作品概要
《足の手術》は、画家のレンブラント・ファン・レインによって制作された作品。制作年は1628年から1628年で、個人蔵に所蔵されている。

ほのかな明かりが満ちた室内。黒のガウンと帽子をまとった老人は眼鏡をかけ、椅子に座るもう一人の足を観察している。おそらく医者であると思われる。この老人は赤の上着を着てズボンを履いており、片方の革靴は椅子の下に置かれている。その隣には老人の持ち物だろうか、籠が置かれている。老人は少々怯えるように身をすくめており、タイトルからも診察ののち手術が行われることになっているためだと思われる。

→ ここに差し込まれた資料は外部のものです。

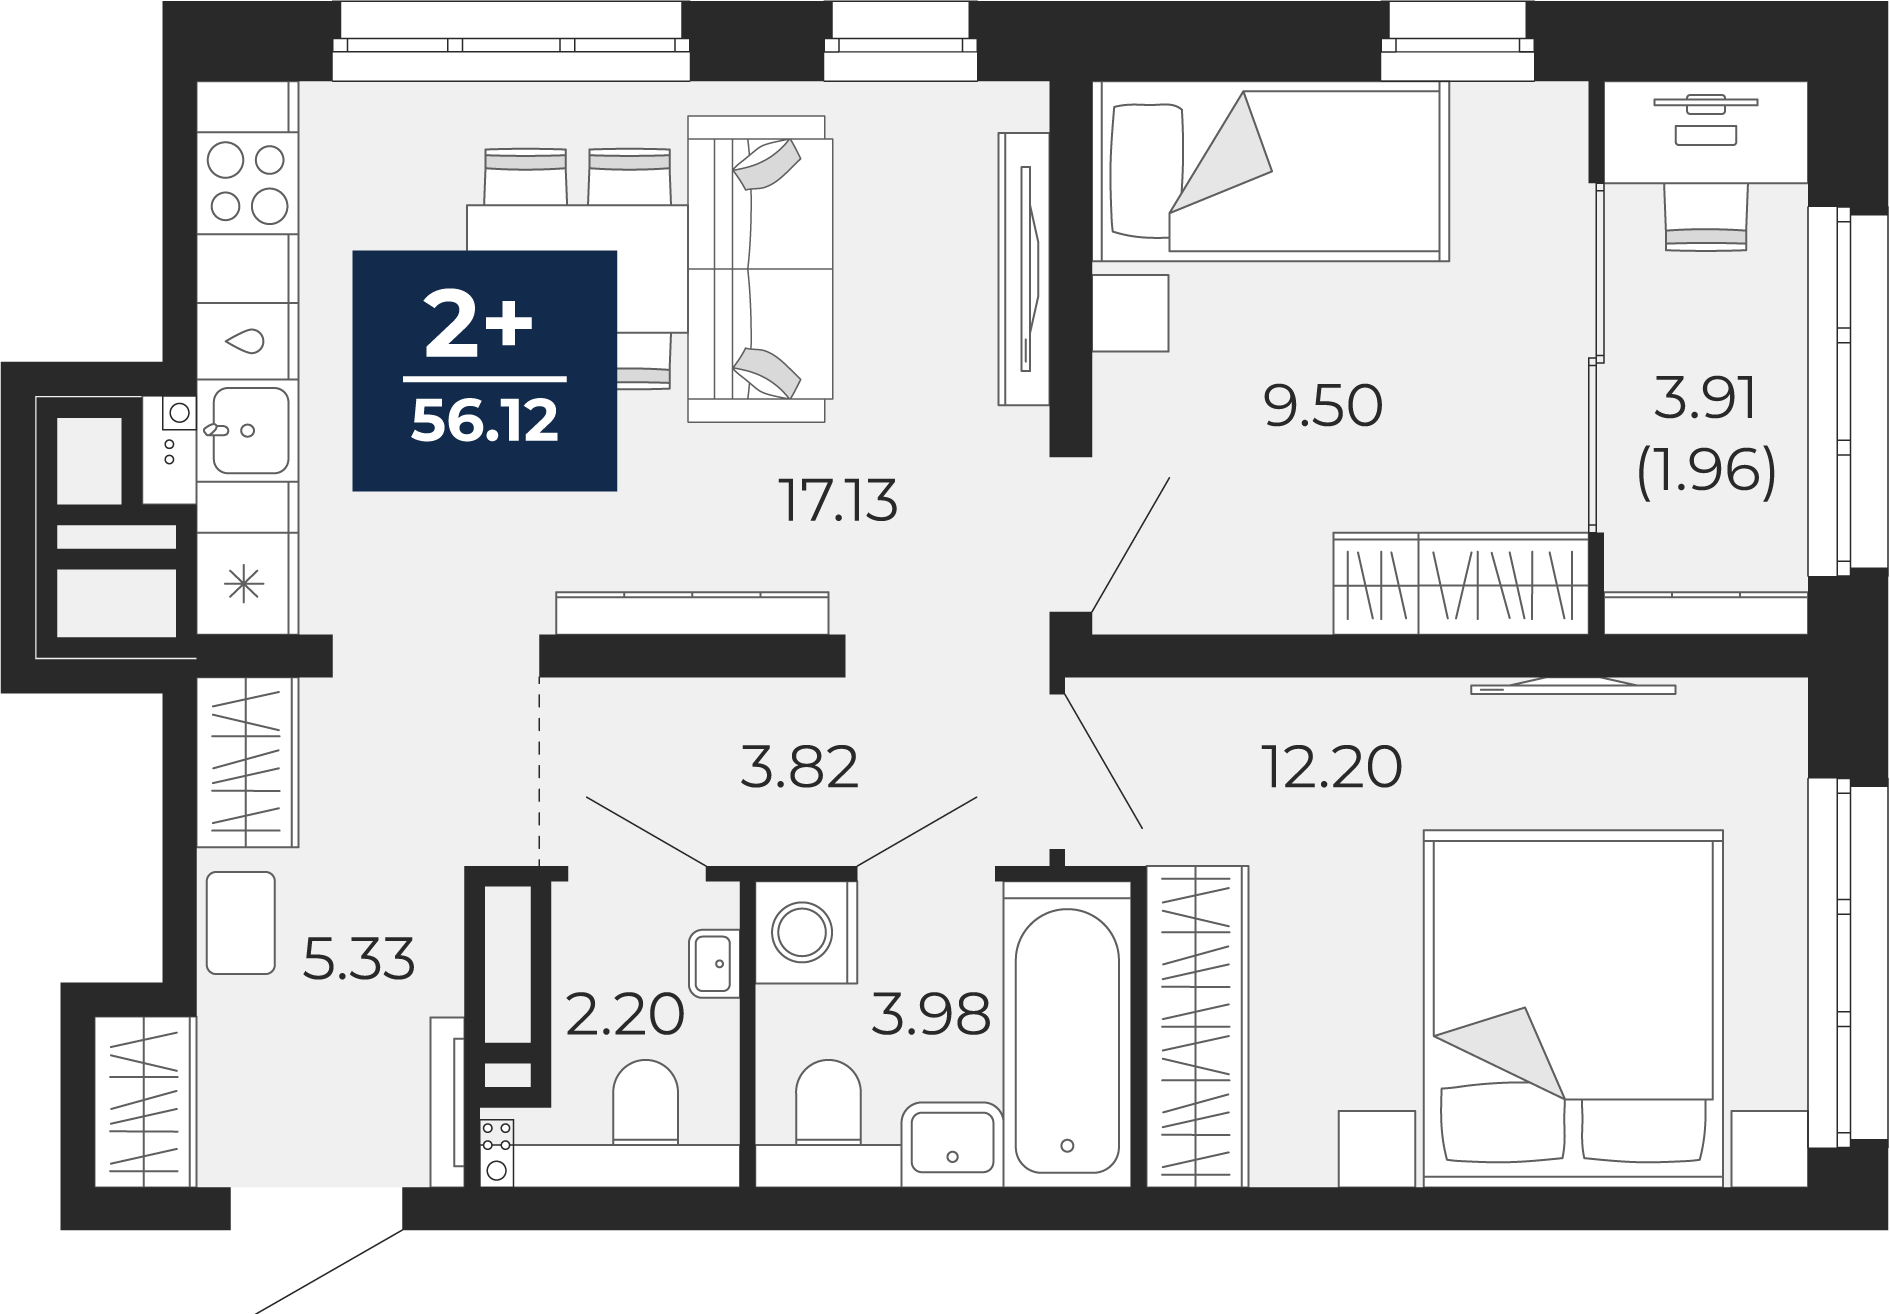 Квартира № 133, 2-комнатная, 56.12 кв. м, 11 этаж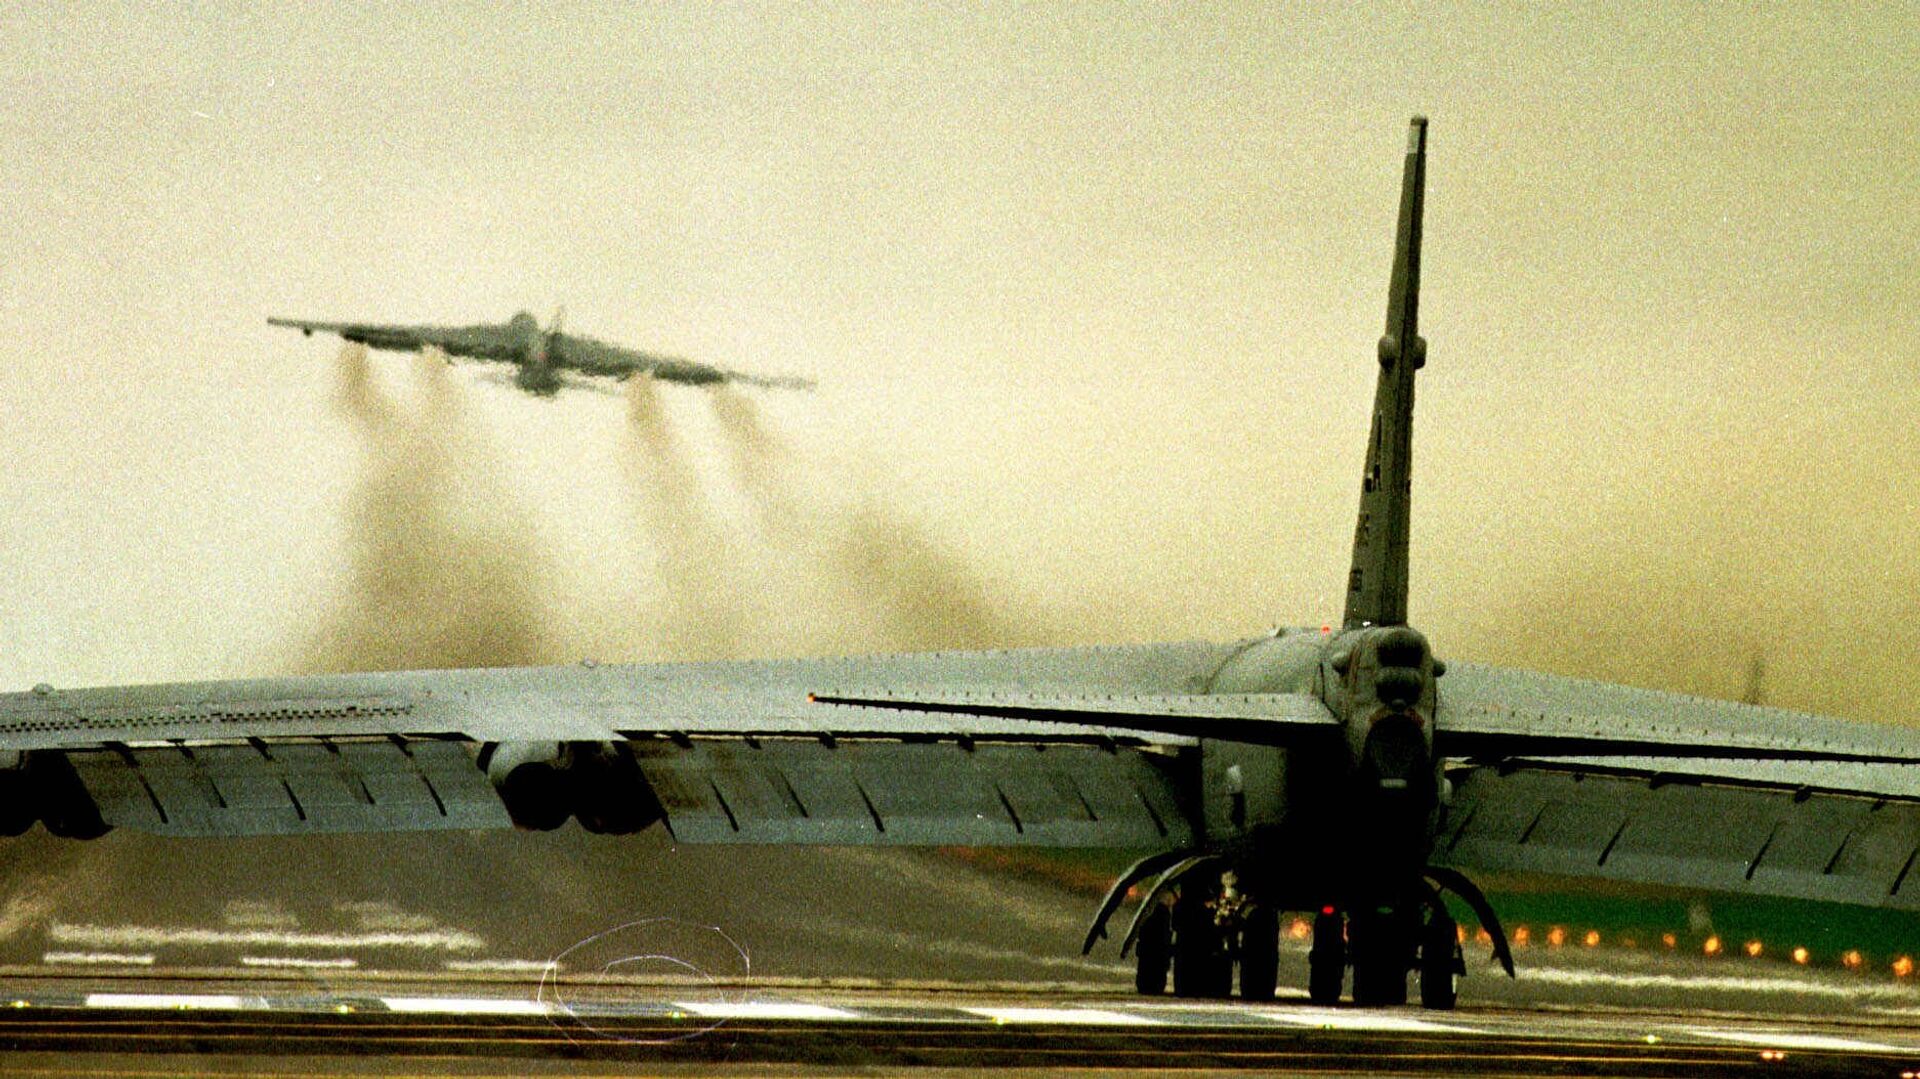 NATO avioni B-52 uzleću sa britanskog aerodroma Fejrford tokom bombardovanja SRJ 1999. - Sputnik Srbija, 1920, 26.03.2021

木の棚には金属のボウルのようなものが置かれており、診察のために使う道具ではないかと思われる。木の店の裏面にも何か掛けられているようだが、暗さのため定かではない。タペストリーのようなものも室内に掛けられているが、こちらもなんのタペストリーか判別はできない。
《テュルプ博士の解剖学講義》(1632年)のように、レンブラントは医療に関する主題の作品を制作することも多々あった。17世紀における解剖学講義は社交イベントであったようで、実際解剖劇場という公開専用の講義室が設けられ、学生や医師、一般市民が入場料を支払って見学したという。
なお、見学者は厳粛な社交イベントにふさわしい服装を着用することが求められた。こうした17世紀ネーデルランドの風潮からも、医学が一般市民に近しい位置づけにあり、作品の主題としても需要が高かったことは容易に想像できる。《テュルプ博士の解剖学講義》とは異なり、ある種町医者的な素朴さのある診療所であるが、それだけに一般市民の関心が身近な医学にも向けられていたことが伺える。